What is Jupyter, and why do you care? After all, Jupyter has never become a buzzword like data science, artificial intelligence, or Web 2.0. Unlike those big abstractions, Jupyter is very concrete. It’s an open-source project, a piece of software, that does specific things.
When you combine Jupyter with containers and a source management system like GitHub, you get a platform for collaboration: on coding, on data analysis, on visualization, on anything that can be done in most programming languages.
The Jupyter architecture
- The notebook front end. The front end allows you to edit and run notebooks. The front end is a JavaScript application that’s delivered to your browser, like any other web application. The front end is responsible for storing your notebook, managing your notebooks in your local filesystem, and sending them to the Jupyter server.
- The Jupyter server, which is either a relatively simple application that runs on your laptop, or a multi-user server. The Jupyter project’s JupyterHub is the most widely used multi-user server for Jupyter.
- The kernel protocol, which allows the server to offload the task of running code to a language-specific kernel. Jupyter ships with kernels for Python 2 and Python 3, but kernels for many other languages are available.

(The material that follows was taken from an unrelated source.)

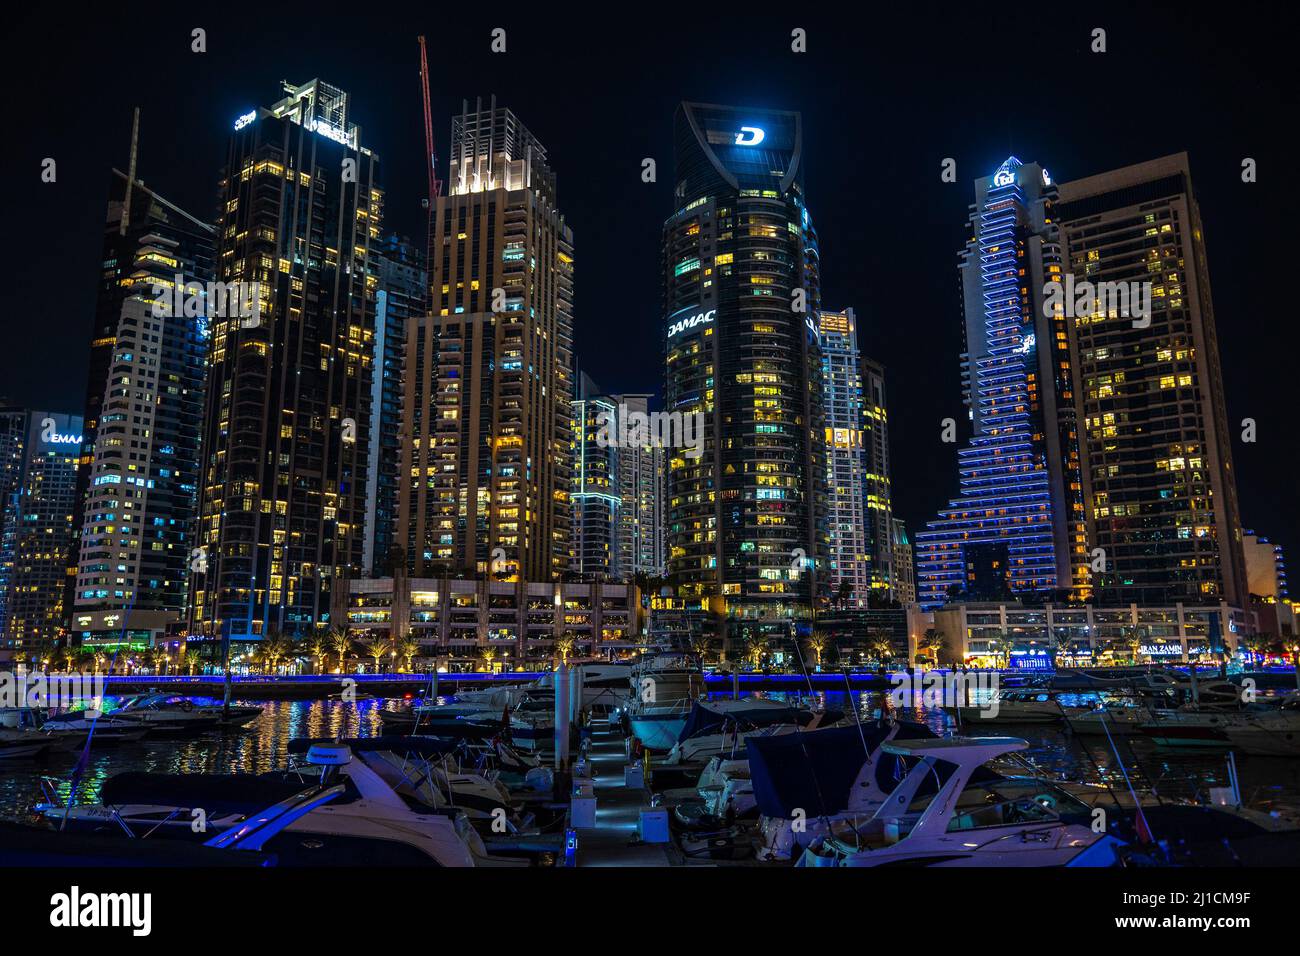 Dubai, EAU - 05 2021 dic: Vista nocturna del puerto deportivo de Dubai y sus rascacielos en construcción Foto de stock

This architecture, though simple, is very flexible. You can substitute your own front end, as interact has done: its main responsibility is managing documents. You can build a front end that implements real-time dashboards; you can use the Jupyter protocol to implement support for other languages; you can implement custom servers to create new media types. O’Reilly Media’s Orioles combine Jupyter Notebooks with a parallel streaming video narrative, synchronized to the notebook.
The Jupyter workflow
It’s most productive to use Jupyter together with Git and Docker, two tools that many researchers aren’t familiar with.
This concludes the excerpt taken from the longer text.